**Source information**
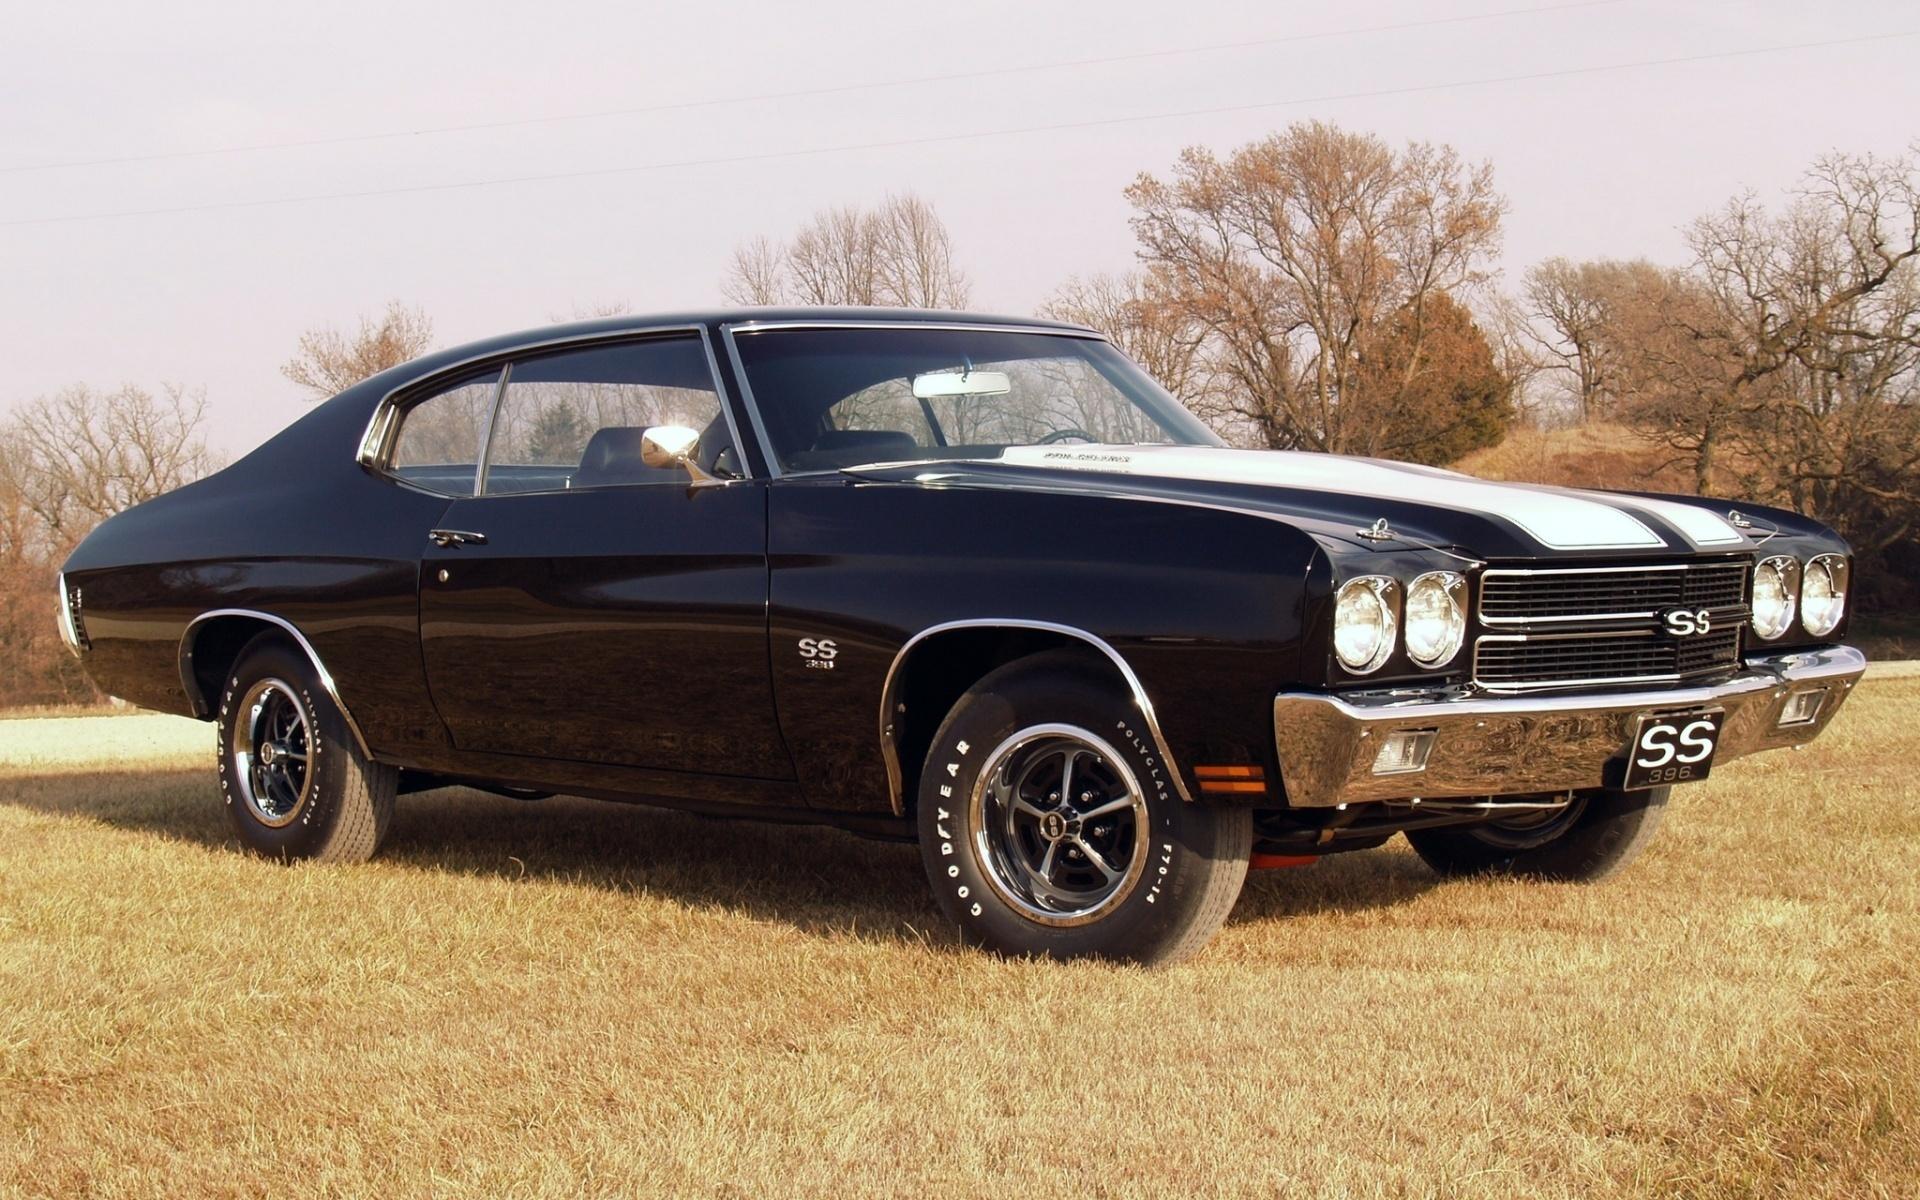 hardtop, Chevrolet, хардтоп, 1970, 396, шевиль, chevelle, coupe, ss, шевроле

---

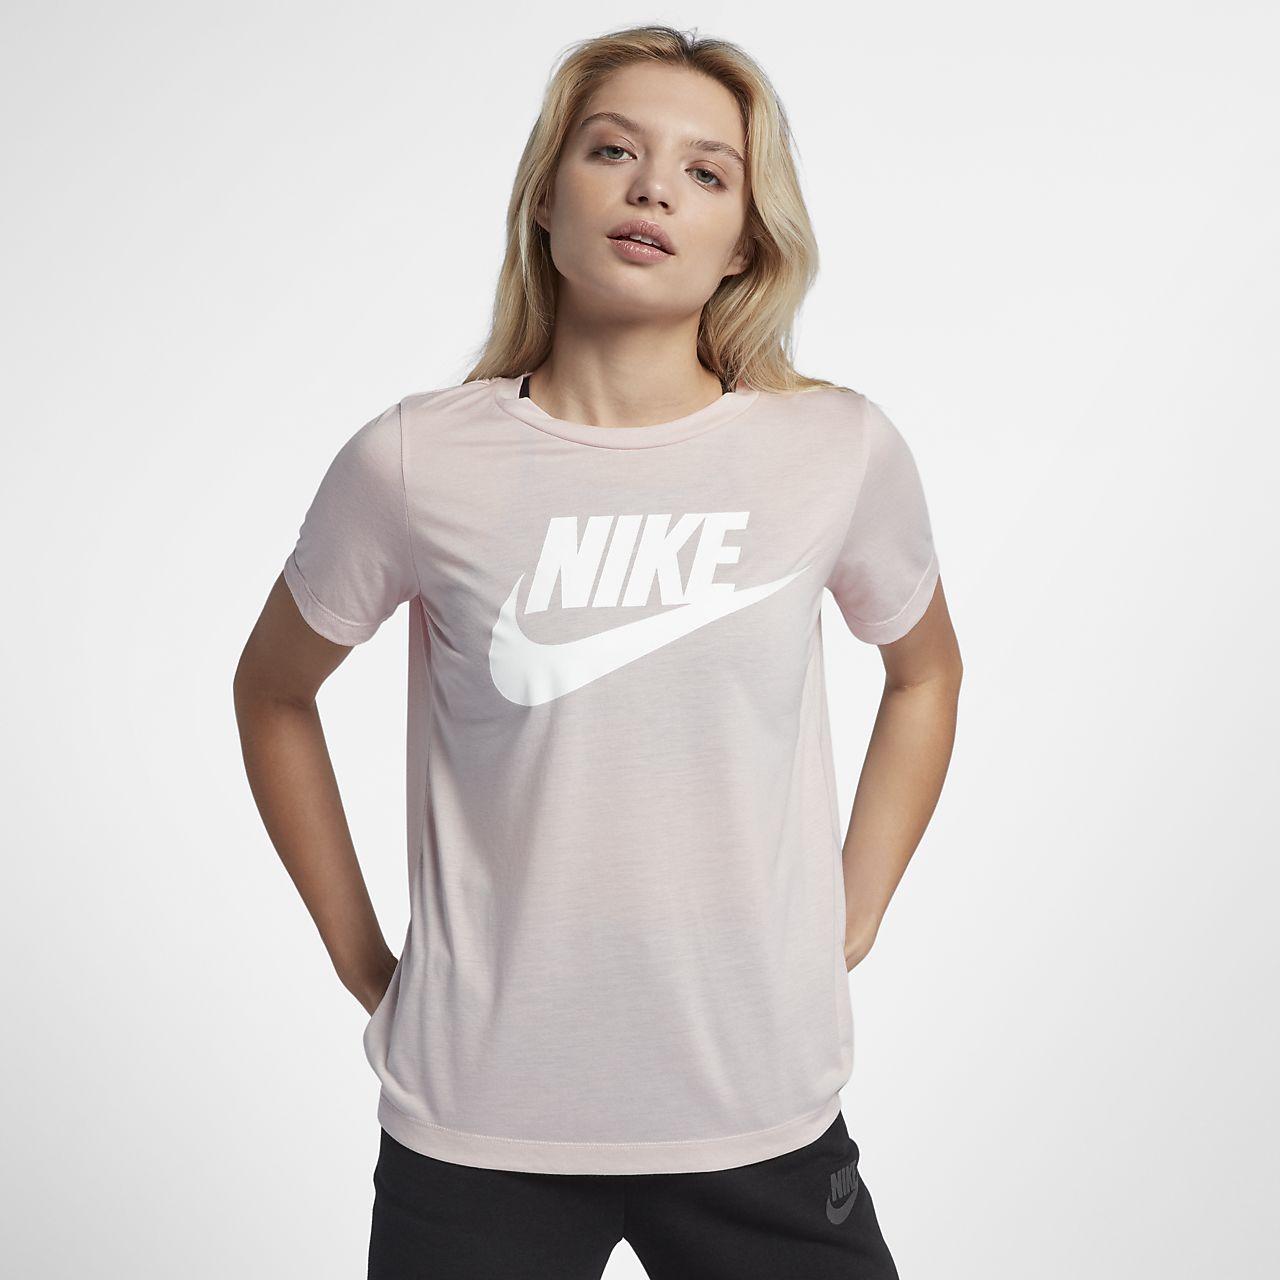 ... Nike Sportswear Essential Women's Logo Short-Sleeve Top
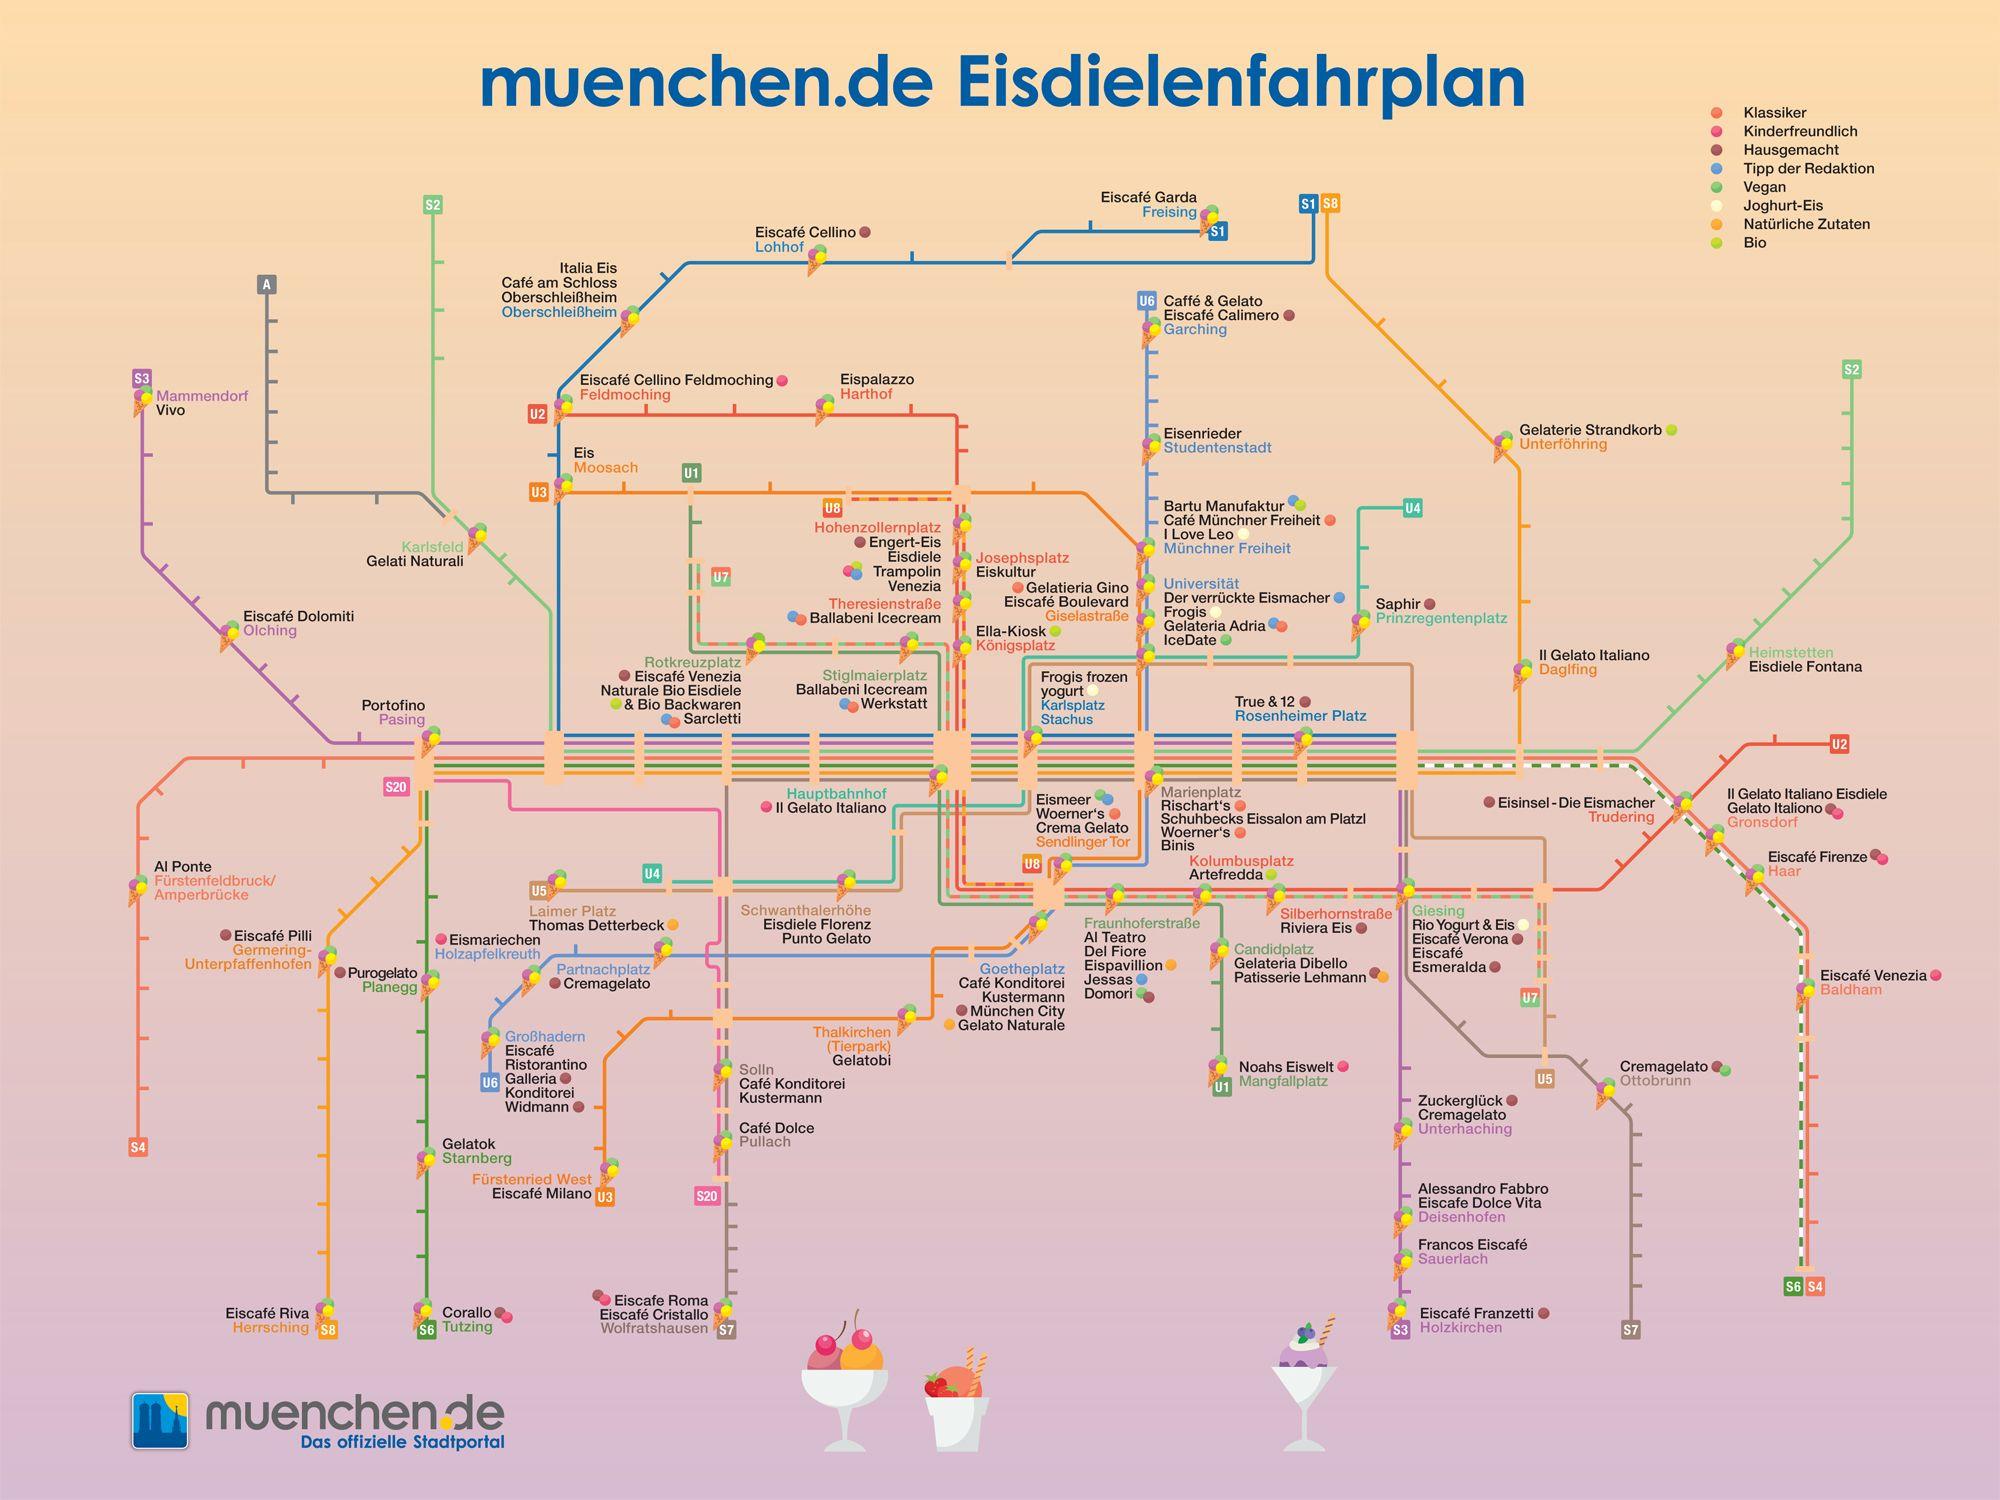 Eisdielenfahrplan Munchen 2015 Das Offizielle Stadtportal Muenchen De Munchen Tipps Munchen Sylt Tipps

--

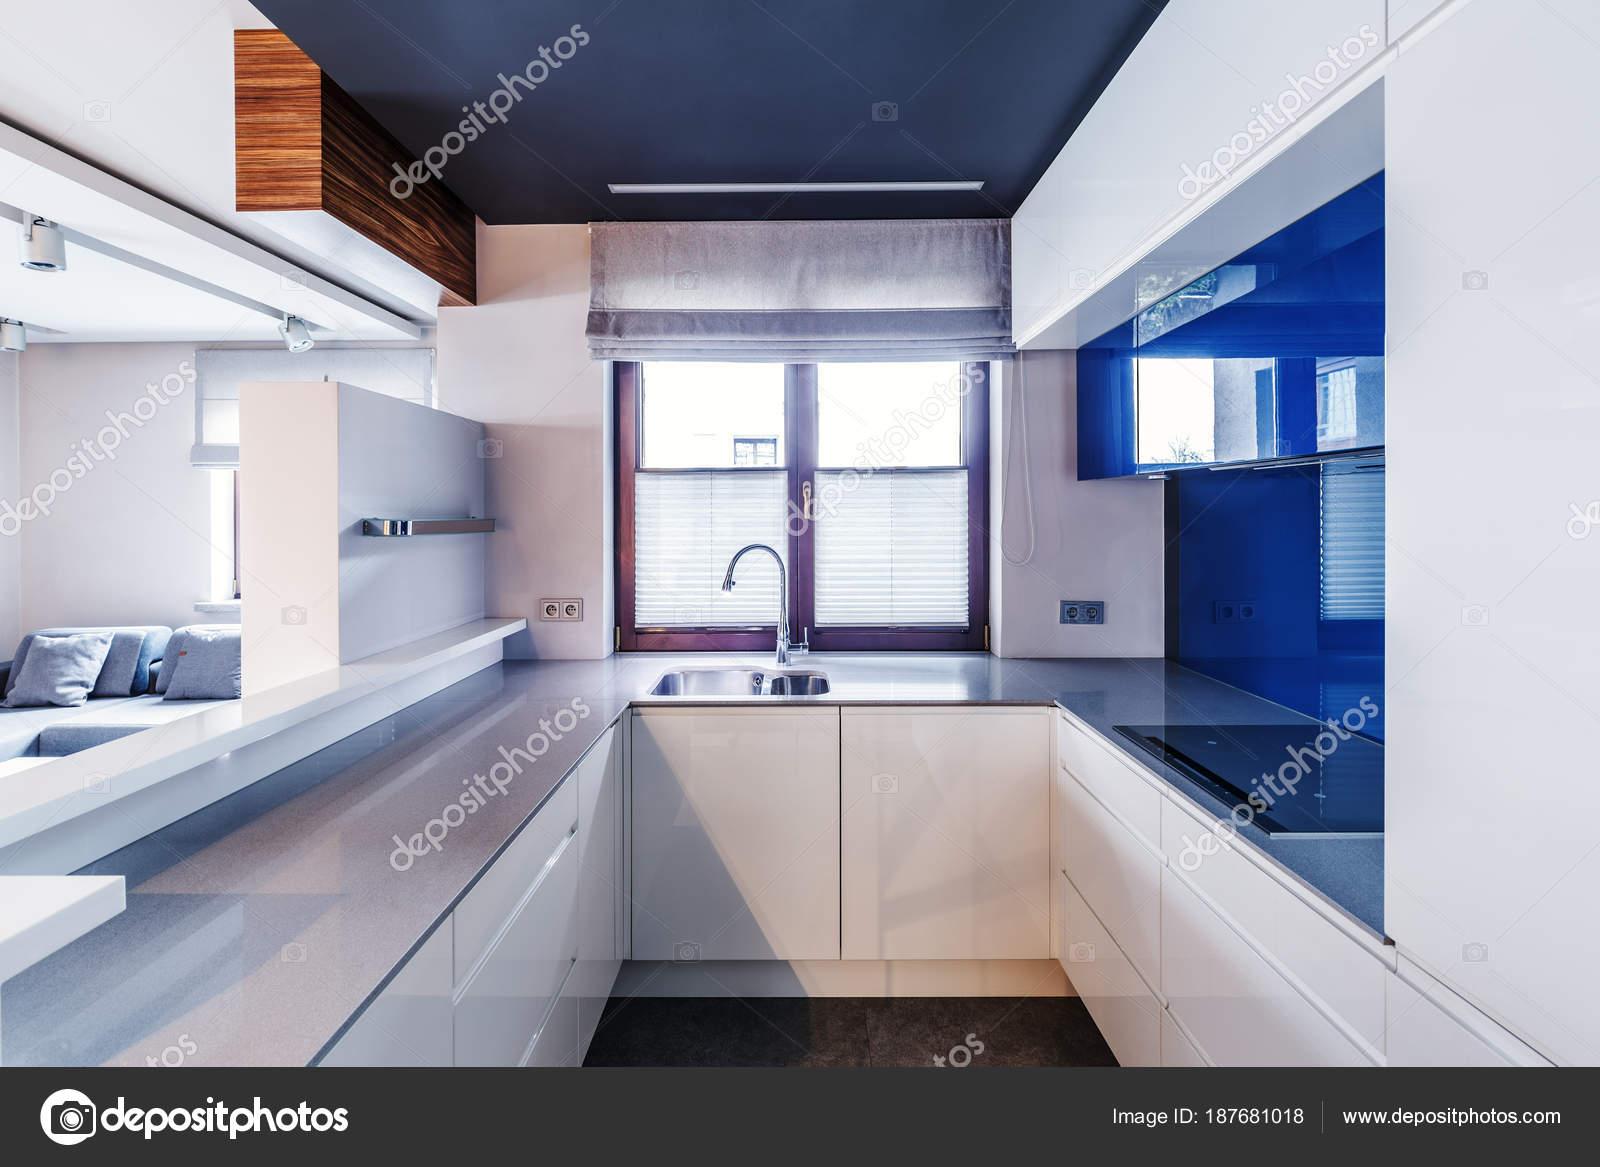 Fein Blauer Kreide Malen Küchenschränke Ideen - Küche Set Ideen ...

**Your objective**
The material above holds pictures; leave them out and set down exactly the lines from the line with "Logo Short-Sleeve Top" to the line with "Eisdielenfahrplan Munchen 2015", both included.

**Answer space**
 ... Nike Sportswear Essential Women's Logo Short-Sleeve Top
 Eisdielenfahrplan Munchen 2015 Das Offizielle Stadtportal Muenchen De Munchen Tipps Munchen Sylt Tipps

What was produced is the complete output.